L’Unione Europea, che ad oggi è tra le entità politiche più all’avanguardia nel mondo per le politiche e le norme sul clima e sulla biodiversità, si è recentemente dotata di uno strumento legislativo che, insieme ad altri emanati nel corso degli ultimi decenni ai fini della conservazione del mondo naturale, dovrebbe consentirle di raggiungere, su scala regionale, gli obiettivi – condivisi a livello globale – di arrestare e invertire il declino della natura nell’Unione, di contribuire alla mitigazione e all’adattamento al cambiamento climatico e di ridurre le pressioni sulla biodiversità globale.
Lo strumento legislativo in questione è la Nature Restoration Law, la legge sul ripristino della natura, approvata – a sorpresa – dal Consiglio Europeo a giugno 2024, dopo anni di limature del testo e di tentennamenti da parte dei Paesi membri e della stessa Commissione.
Non sarà sfuggito agli occhi del lettore che in entrambi questi documenti trova una posizione centrale il concetto di ripristino degli ecosistemi (ecosystem restoration, nel gergo scientifico internazionale), un concetto sempre più diffuso ma ancora sfuggente.
Come viene definito nel Global Biodiversity Framework, il concetto di ripristino “si riferisce al processo di gestire attivamente il recupero di un ecosistema che è stato degradato, danneggiato o distrutto”. Tra i principali scopi delle attività di restoration vi sono quello di riportare un ecosistema ad uno stato di integrità della sua struttura, composizione e diversità simile a quello precedente alla degradazione, o quello di aumentare le funzioni e i servizi ecosistemici in un ambiente trasformato.

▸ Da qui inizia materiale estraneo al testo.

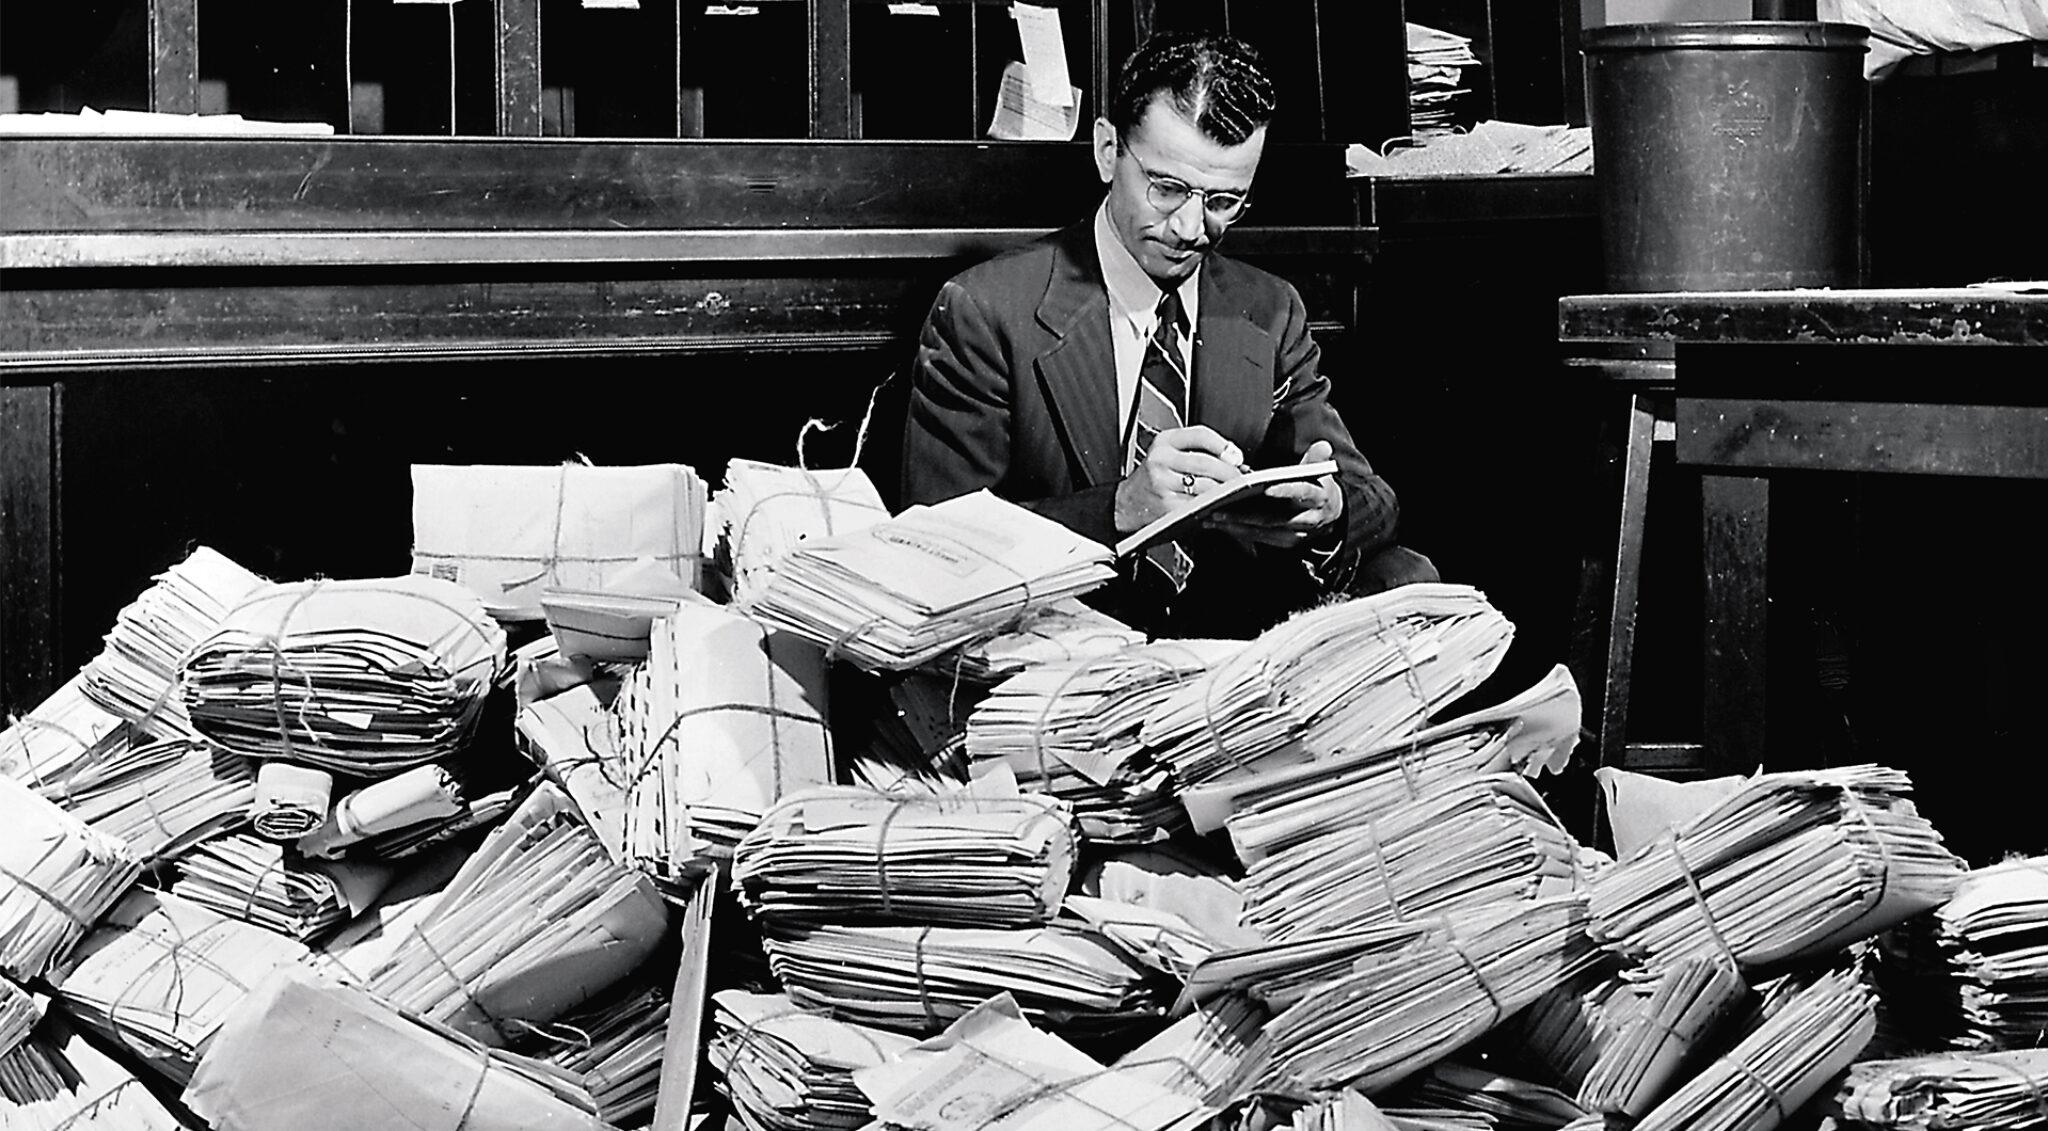 Altes Bild von einem Mann, der umgeben von Briefen mit einem Füller schreibt.
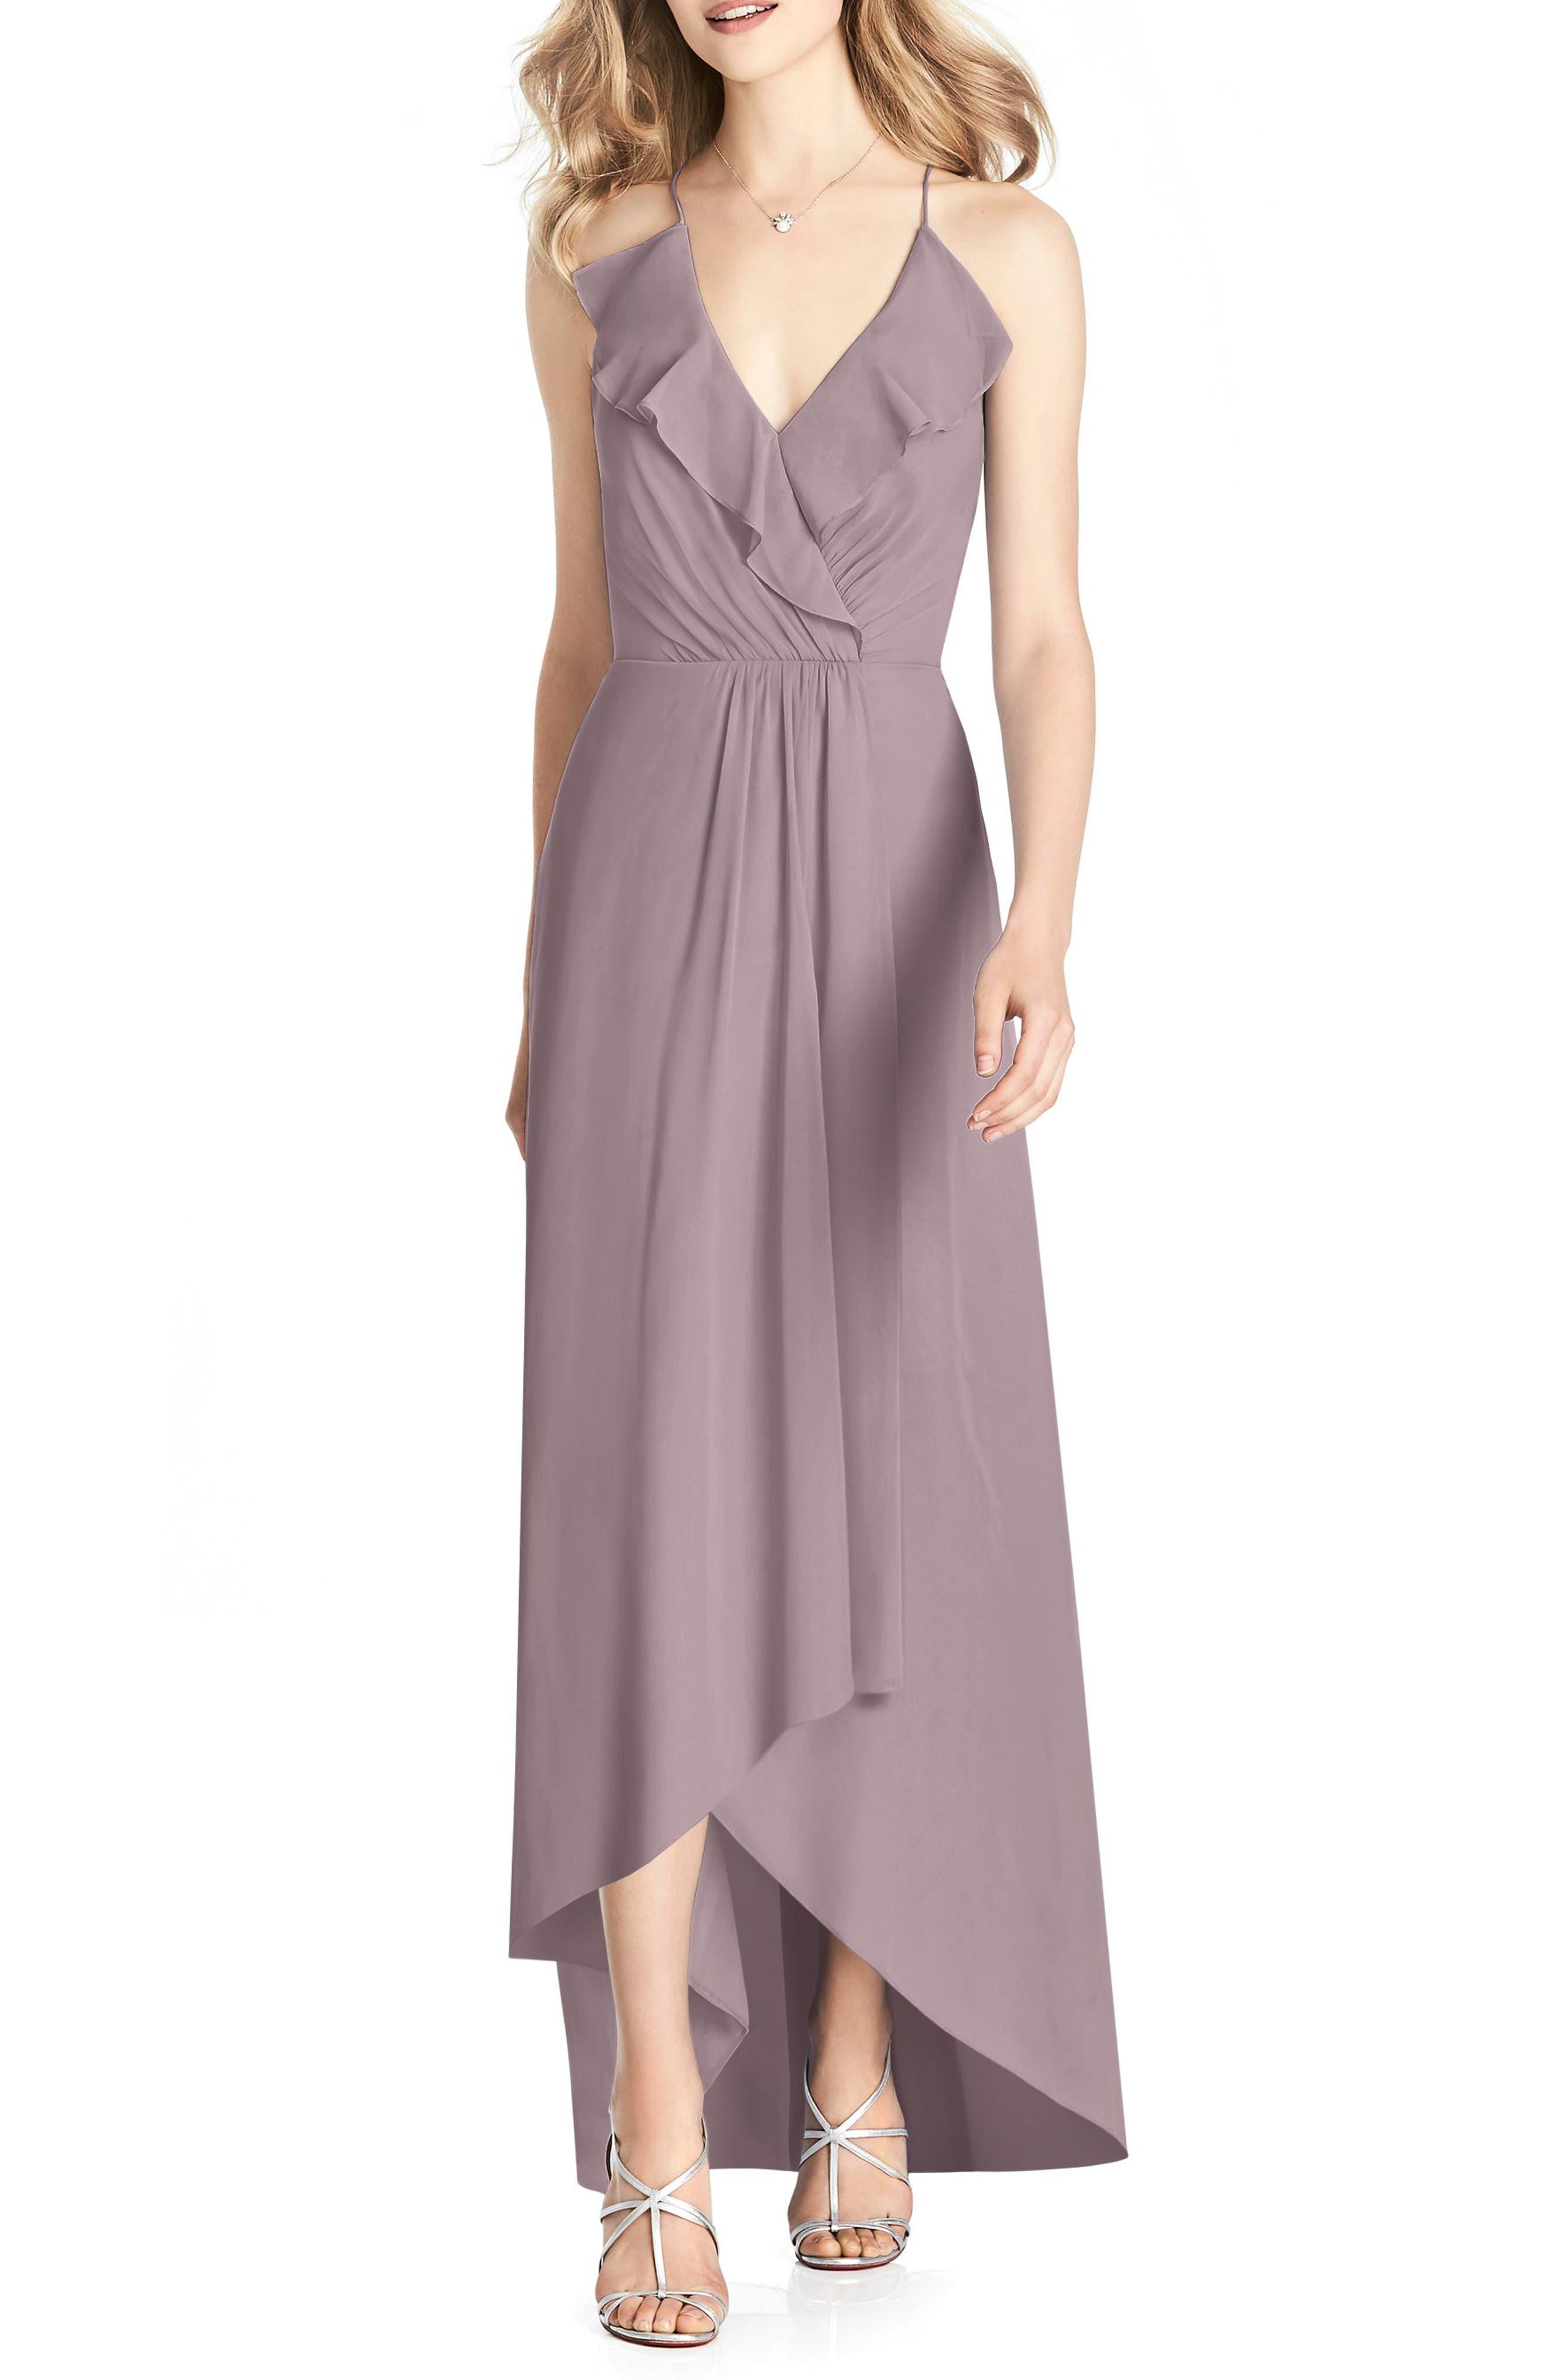 Jenny Packham Ruffle Neck Chiffon Gown, Pink

Ma quali sono gli interventi concreti che possono essere effettivamente considerati azioni di ripristino di un ecosistema, e a quali tipi di ecosistema si applicano?
Innanzitutto, ogni tipo di ecosistema può essere oggetto di ripristino ecologico: le cause di degrado, danno o distruzione sono molte e diverse (solitamente, di origine antropica), così come le soluzioni possibili per arrestare e invertire il processo di degradazione.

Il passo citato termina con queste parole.